Thomas Norton with Wojbor A. Woyczyński
Stochastic Differential Equations Driven by Compound Poisson and Lévy Processes
Stochastic differential equations (SDEs) provide a rigorous setting for investigating the dynamics of systems subject to “noise,” by which we mean source terms whose behavior is not deterministic, but governed by a probability distribution. The noise can have quite irregular behavior (such as continuous but nowhere differentiable paths), giving rise to a rich theory of stochastic integration that allows for multiple interpretations of the same SDE. Most commonly, the noise is assumed to follow the same probability distribution as Brownian Motion, a pure continuous-time random walk, but the theory is further enriched by considering sources of noise whose amplitude is governed by alternative distributions, such as a compound Poisson process or, more generally, a Lévy process. The student’s summer research focused on exploring the consequences of differing interpretations of SDEs driven by Brownian Motion noise, with applications to biological networks.
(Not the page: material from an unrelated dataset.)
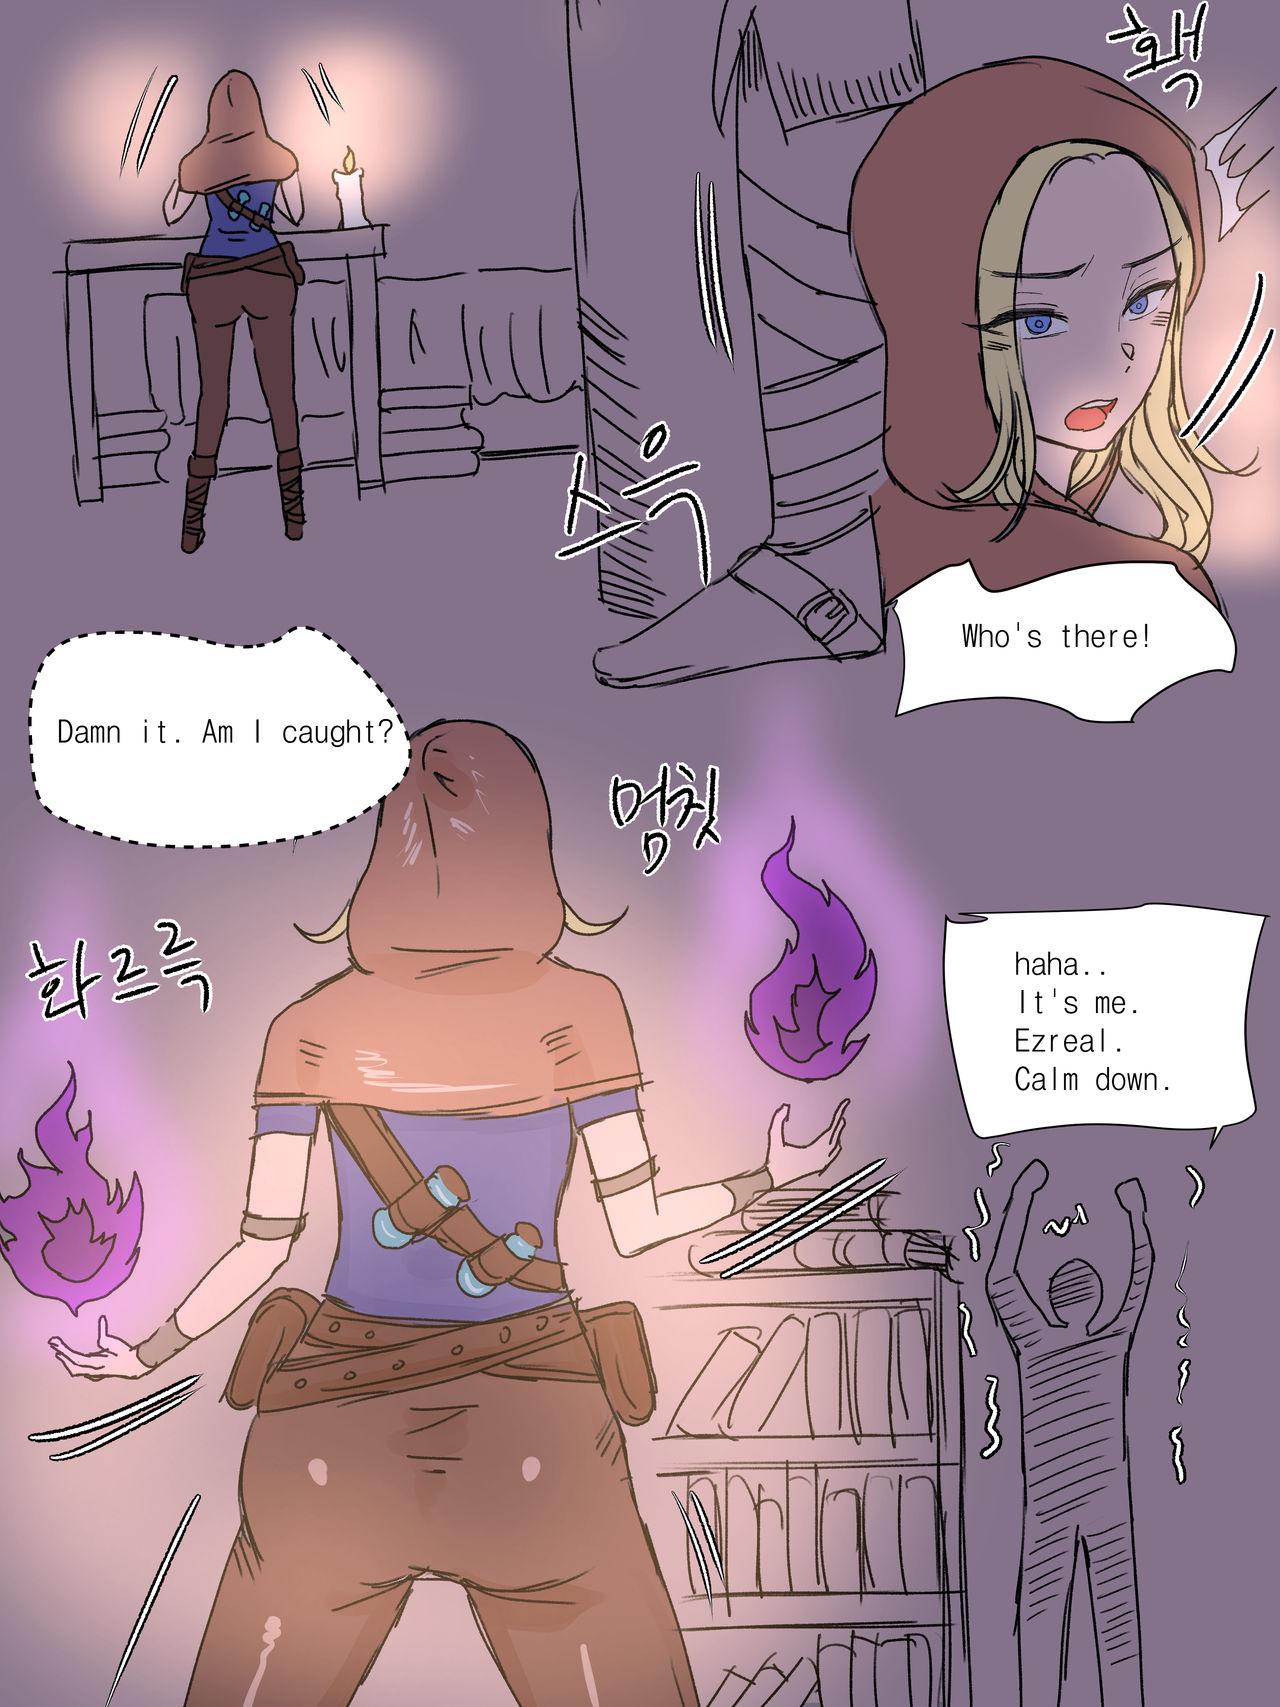 Nice Tits Spellthief Lux - League of legends Online - Page 3

This research compared the two most common interpretations of this class of SDEs, the Itô and Stratonovich interpretations. In this project, the student will explore the theory of SDEs driven by Lévy processes, with particular attention to stochastic processes on graphs (the dynamics of a population of particles moving on a lattice would be an example) and with the goal of investigating (at least numerically) an analogue of the Stratonovich SDE interpretation for SDEs driven by Lévy processes.